As the first greenfield potash mine in Canada in more than 40 years, K+S Potash Canada has built sustainability into its processes. Having a clean slate to work with, the company used technological advancements to mitigate potash mining’s inherent need for energy and water.
Measures include selective mining, which the company calls secondary mining. This process uses saturated sodium chloride (NaCl) brine and waste heat to preferentially dissolve potassium chloride (KCl) while leaving insoluble mineral like clay in the ground. The potassium-rich brine is then pumped into the process plant where the potassium is produced. The volume of surface tailings piles is reduced as the clay solids remain in the ground and the selective mining process re-deposits some of the NaCl underground.
K+S aims to achieve and exceed its own sustainability targets as well as those set by government. An example is the Saskatchewan
government’s mandate to reduce overall greenhouse gas emissions intensity by five percent by 2030. The company’s own target for emissions intensity from electricity generation, in partnership with its parent company, K+S Group, is four times this amount – 20 percent.
The company is also working with the International Minerals Innovation Institute based in Saskatoon to explore less carbon-
intensive energy sources. These include co-generation, renewable energy, and small modular nuclear reactors (SMRs).
SMRs have enjoyed renewed attention as a tool to help reduce carbon emissions to provide baseload power while reducing carbon emissions. More immediately, they could play a role in Saskatchewan’s commitment with the federal government to eliminate coal-fired power generation by 2030 while ensuring residents and industry have availability to power 24-7-365.

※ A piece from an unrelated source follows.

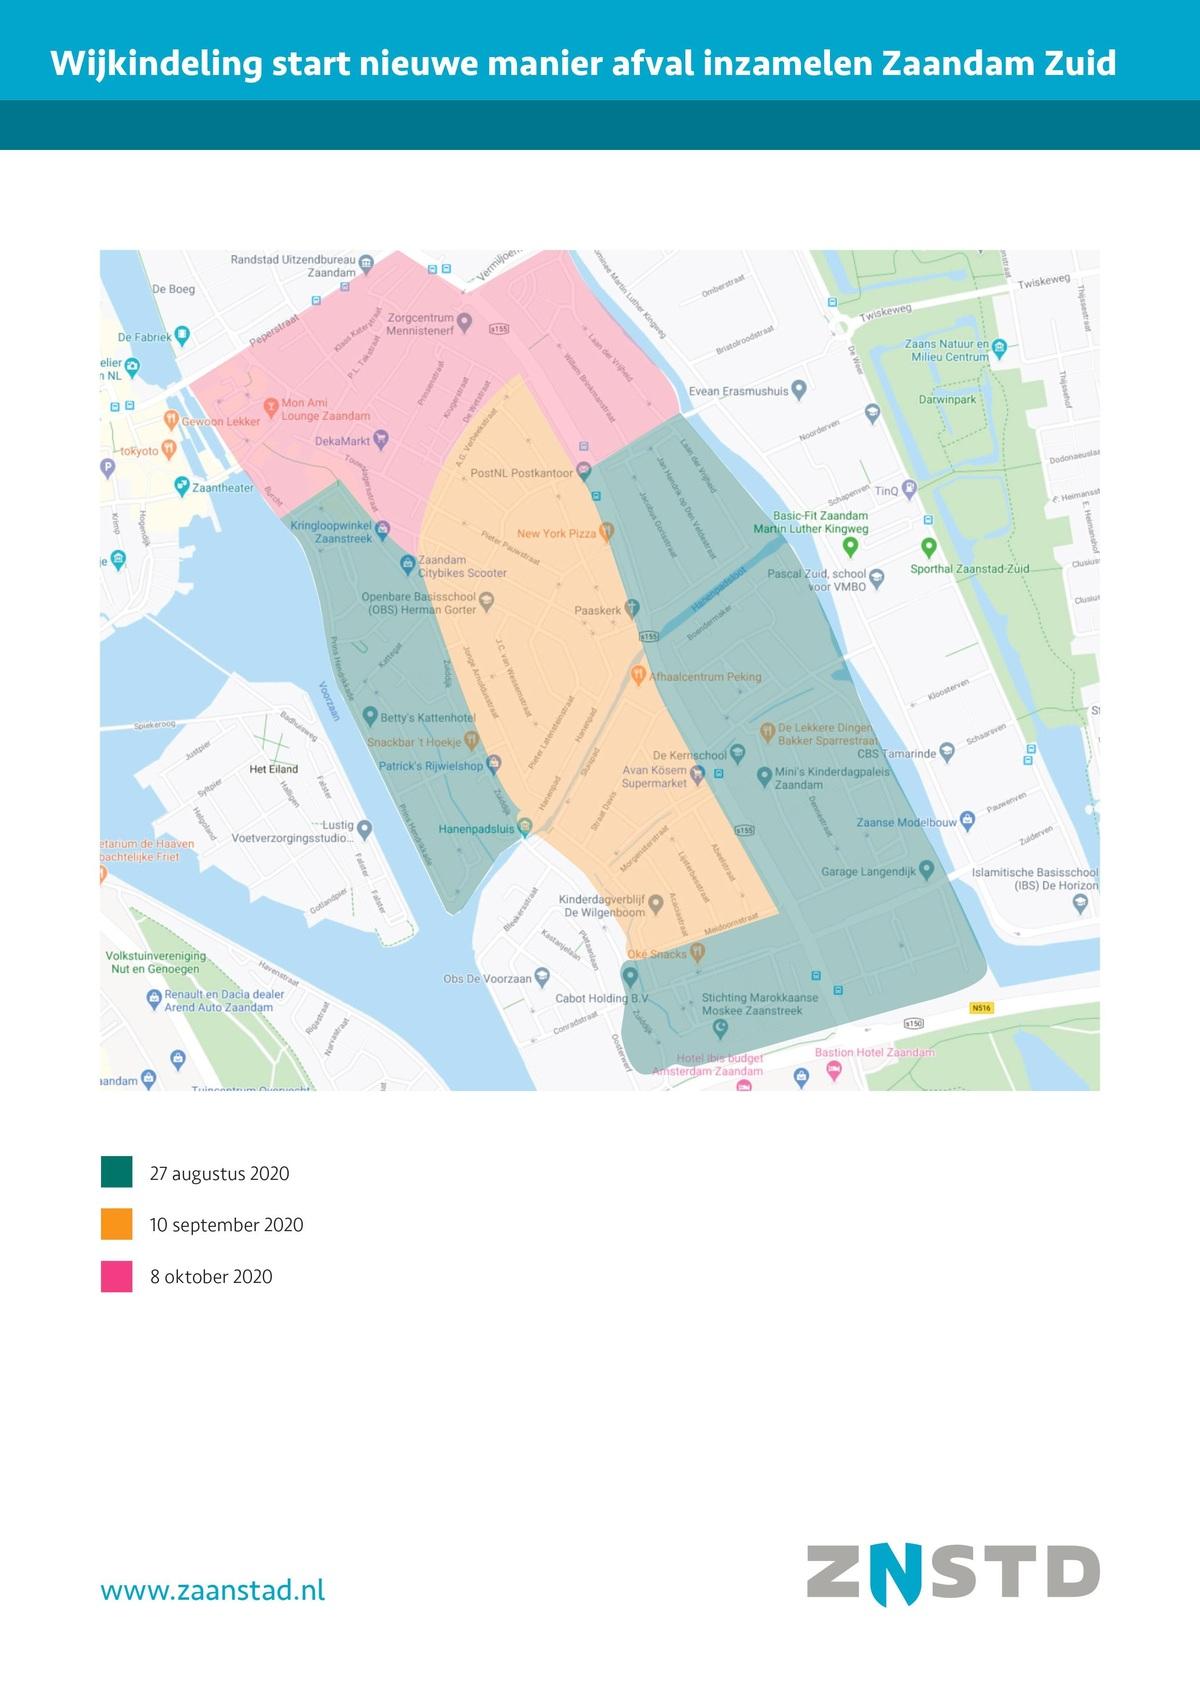 kaart wijkindeling Zaandam Zuid
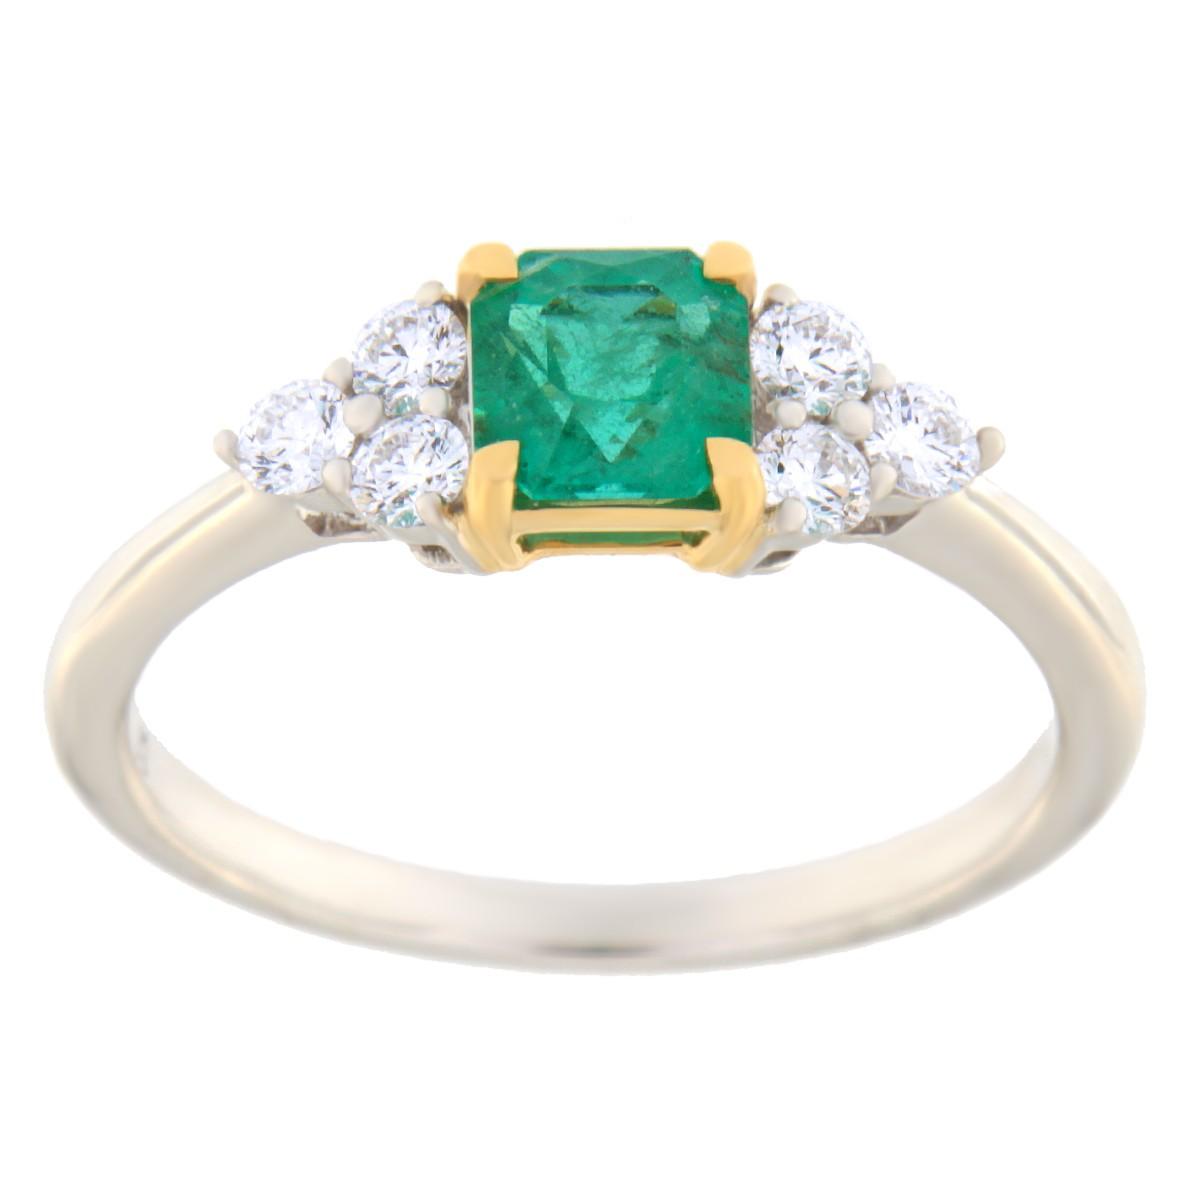 Kullast sõrmus teemantide ja smaragdiga Kood: 3m-2020

These reactors require fuel, and Saskatchewan is home to the world’s richest deposits of uranium, with ore grades up to 100 times
the global average. Because of this unique characteristic, the province’s uranium mines are an energy power pack, capable of producing far more uranium with far less surface disturbance than almost anywhere on the planet.
The deposits underlie the Canadian Shield and boreal forest of the northern half of the province, on the traditional lands of Indigenous peoples. For uranium mining company Cameco, this means working with local communities to develop the resource sustainably, providing jobs and economic development while drawing upon local Indigenous knowledge to protect the lands that provide clean water and traditionally
harvested foods.
The Community-Based Environmental Monitoring Program, for example, relies on local residents for sample collection, providing
opportunities for employment, training, and business development. The program garnered a Towards Sustainable Mining Excellence Award in 2020 from the Mining Association of Canada. A similar program, the Eastern Athabasca Regional Monitoring Program also provides Indigenous-led oversight of local country foods such as berries, fish and moose.
From a carbon standpoint, Cameco asserts that the picture gets even better when looked at within the context of energy production. Electricity generated by nuclear power produces zero carbon or greenhouse gas emissions. Last year, Cameco estimates that the uranium it sold will generate clean energy equal to taking 92 million gas-fueled cars off the road.
Recycling is also an important pillar of Cameco’s sustainability practices, whether it is using non-radioactive waste rock to build roads or realizing a 30 percent reduction of waste going to site landfills by recycling, repurposing, incineration, or reprocessing.
Mining remains an essential industry for a world hungry for food, clean energy, and products. And Saskatchewan’s mining companies are continuing to innovate to lead the world in sustainable mineral resource development.